The parameters necessary for calculating the overall varying efficiency factor as well as their default values^{5} are listed in Table 2.

For analysis of the forecast quality, a model instance for both the reference module and the system of interest were instantiated using the parameters shown in Table 3 and the default values for the calculation of module efficiency are shown in Table 2. The parameter values that are not determined by the setup at the site were taken from data sheets. In the remainder of the paper, the identifier *modelica* is used for the physics-based parametric PV model described in this subsection.

### 3.2. Data-Driven Forecast Models

Due to the non-linear and time-varying characteristics of the PV output generation, machine learning approaches like neural networks (Hossain and Mahmood, 2020) or ensemble learning techniques (Ahmad et al., 2018) such as random forest are suitable for developing models to learn and forecast the solar power generation day-ahead and intraday based on the available weather forecast data. The weather forecast features data, and the real power data are provided on a 15 min interval basis. Each plant is trained separately. The training is based on historical weather *forecasts* and power production *measurements*. The considered meteorological features are global radiation, diffuse and direct radiation, temperature, relative humidity, precipitation, and wind speed. Additionally, corresponding temporal features such as time, day, and month are also taken into account.

The dataset is roughly partitioned into 70% training set, 10% validation set, and 20% test set. Specifically, we use data from 2013 to 2018 for training and validation and data from 2019 as a test set.

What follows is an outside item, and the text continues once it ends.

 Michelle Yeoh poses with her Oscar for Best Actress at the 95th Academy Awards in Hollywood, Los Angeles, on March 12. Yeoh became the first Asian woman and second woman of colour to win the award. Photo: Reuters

Figure 2 illustrates the development process of the forecasting models based on historical weather forecasts and historical power production measurements. The process can be summarized in the following steps:

1. On the collection of the data follows a preprocessing step consisting of cleansing the data, in order to detect and clean missing data and extreme outliers in the measurements and weather forecast, to take into account the throttling time due to scheduled work on the PV plant, etc. At that stage, many strategies can be employed, for example, ignoring the extreme outliers, filling through extrapolation the gap caused by missing data, etc. Through this preliminary analysis of the raw data, the quality of the data set to be used is enhanced. The following feature engineering consists of extracting from the dataset the most relevant features that have an influence in the forecasting. The dataset is then normalized and split into training, validation, and test set.

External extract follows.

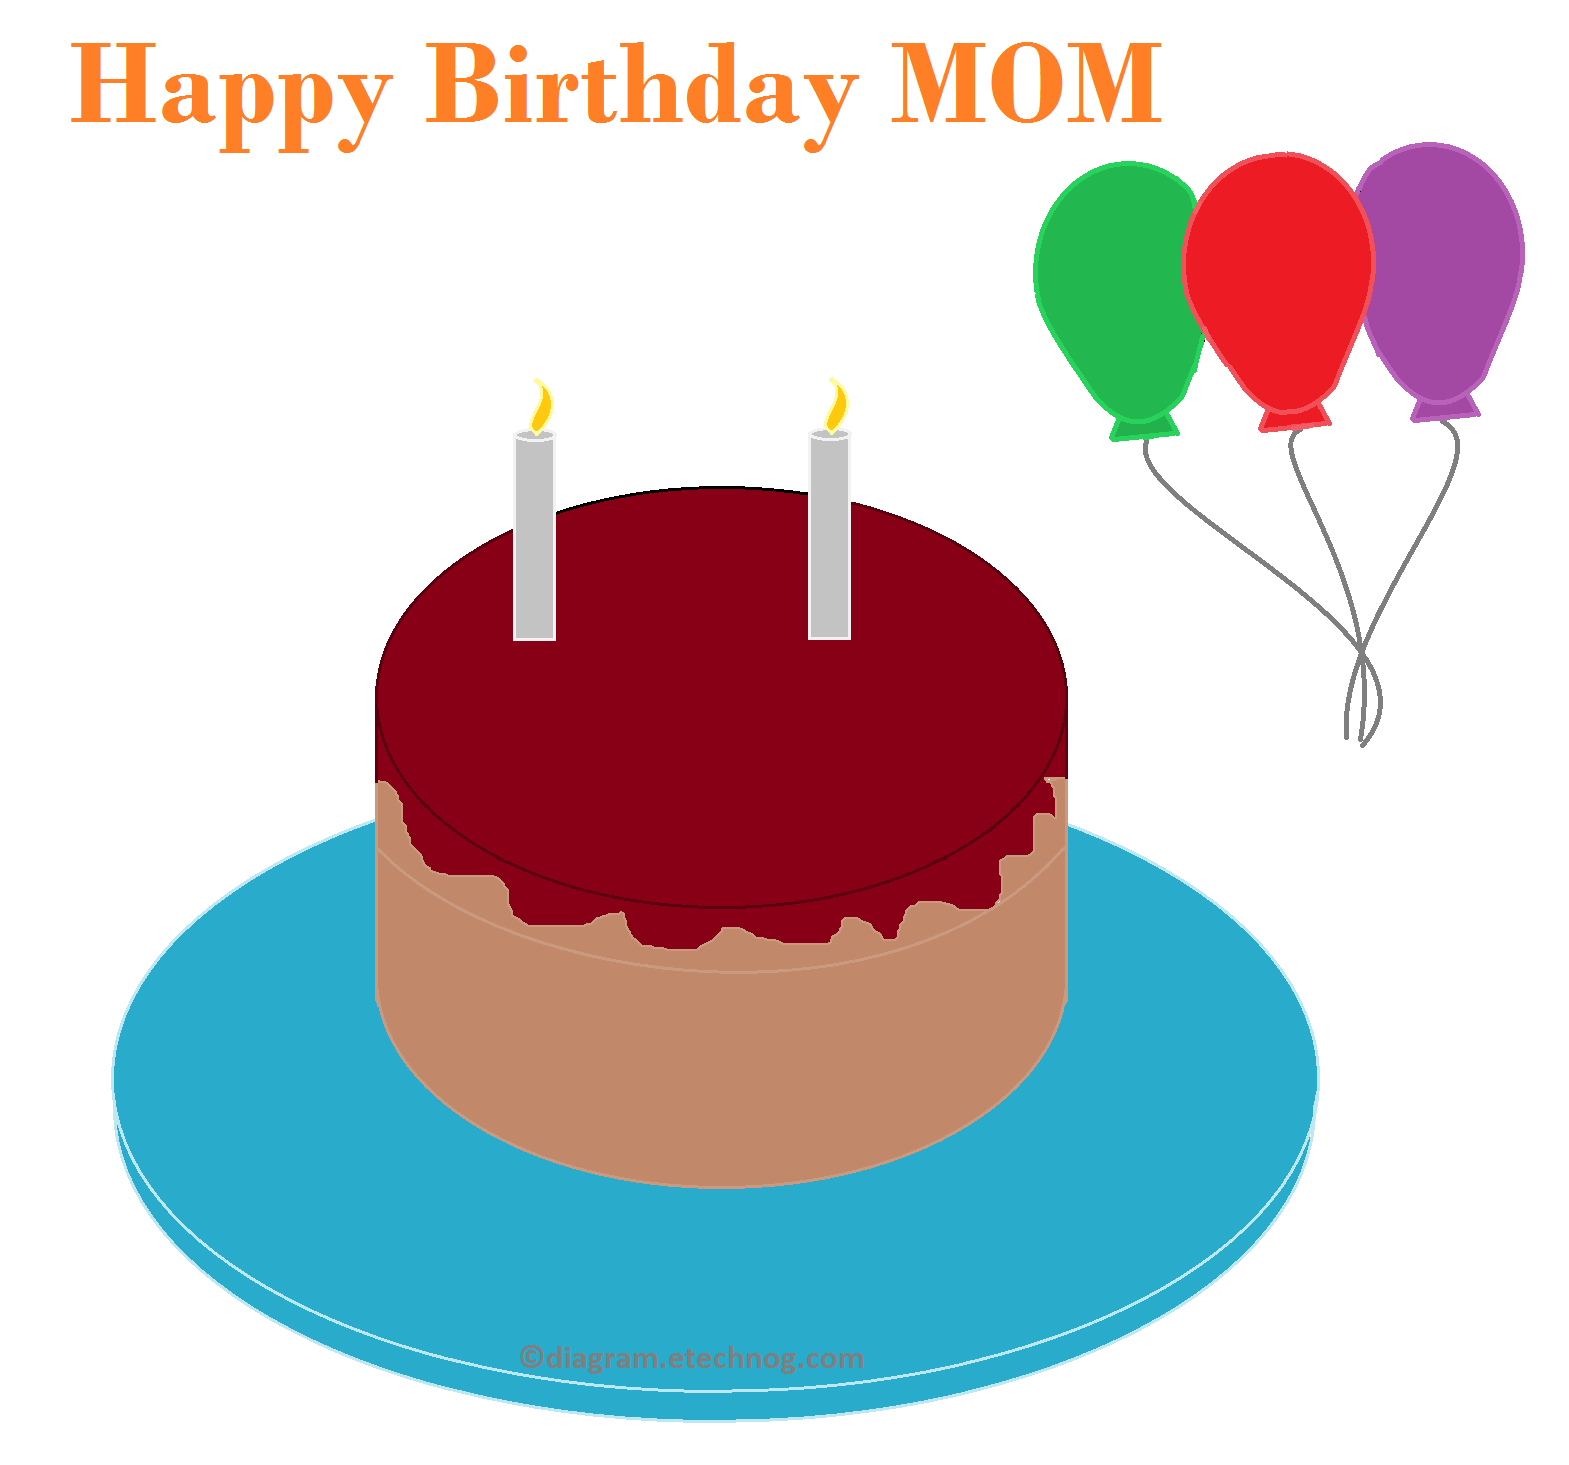 happy birthday image for mom mother

2. Choose a model type (feed forward neural network, bagging method, etc.), specify the parameters and train and validate the defined model.

3. If the resulting model is acceptable, then evaluate with new data (test set) and save the model for future use.

4. If not, then (a) adjust the model-specific hyper-parameters, for example, number of trees, size of the feature set, etc. for the tree-based models or number of hidden layers and number of neurons per layer for the models based on neural network and (b) repeat the training and validation steps.

5. Further models can be developed with the same procedure.

**Figure 2**. Flow diagram of the development process of the data-driven photovoltaic (PV) power forecasting models.

From a technical perspective, the model implementation relies on Python and the TensorFlow and scikit-learn frameworks, all of which are available under free/libre and open-source licenses.

#### 3.2.1. Approaches Based on Neural Networks

The two first data-driven forecasting models are based on neural networks, as described as follows.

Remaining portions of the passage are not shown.